I sat down and caught my breath. No point in trying to follow. Very dangerous, too, if it turned round suddenly while I was chasing flat-out after it. Instead, I made myself breathe slowly, till my pulse was back to normal. I tried to think things through. I’d stabbed it. That meant there’d be the smell of blood, I could follow that. Also, there’d probably be blood spilt on the tiles, which I’d be able to feel. Chances were, now that it’d been cut about a bit, it’d be more interested in getting away than coming after me, so the choice to go on or turn back was mine to make. If I went on after it, it’d be me hunting it, rather than just self-preservation. That didn’t necessarily mean it’d be less dangerous, of course — far from it. They’re like people in that respect. Pain and fear make them cunning and vicious.

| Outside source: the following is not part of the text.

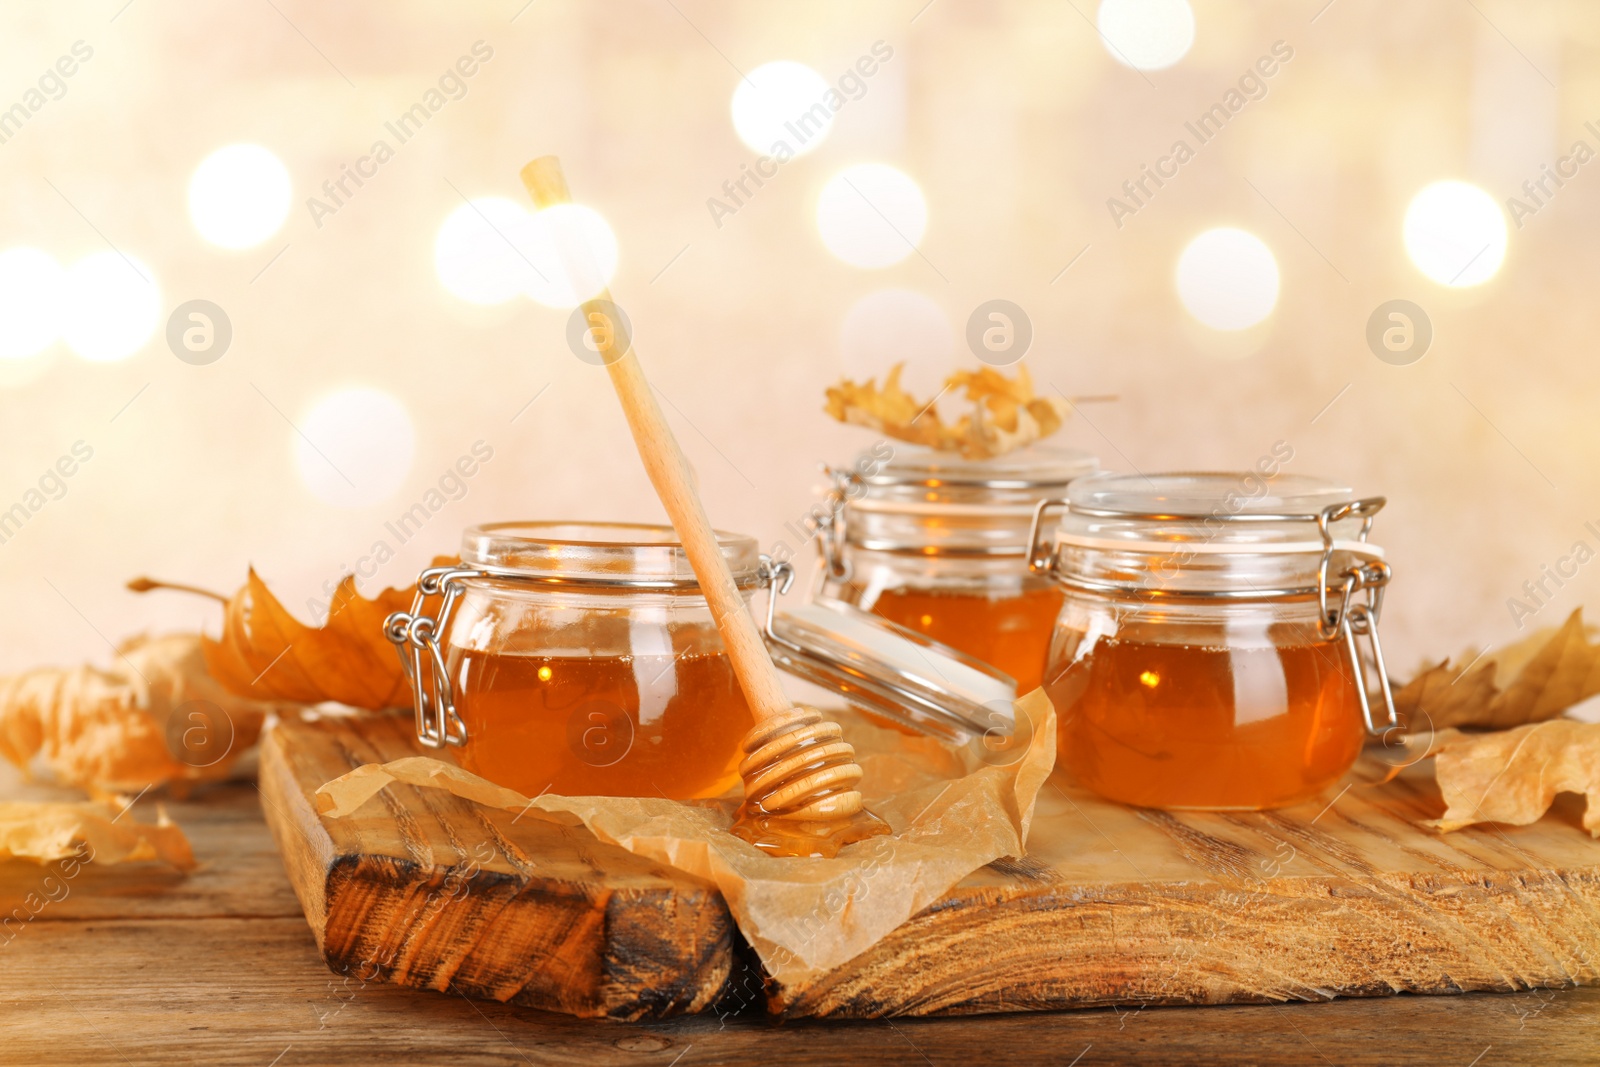 Photo of Dipper and jars with honey on table against blurred lights

I thought it over, and I said to myself, Well, you’ve come this far. And if you don’t finish it today, chances are you’ll have to do it all over again from scratch another day. Then it struck me that I’d been assuming there was just the one of them down here. If there were two, or more, even, I could still find myself in a whole lot of trouble if I carried on. Still, I thought, if you start thinking like that you’ll never get anything done.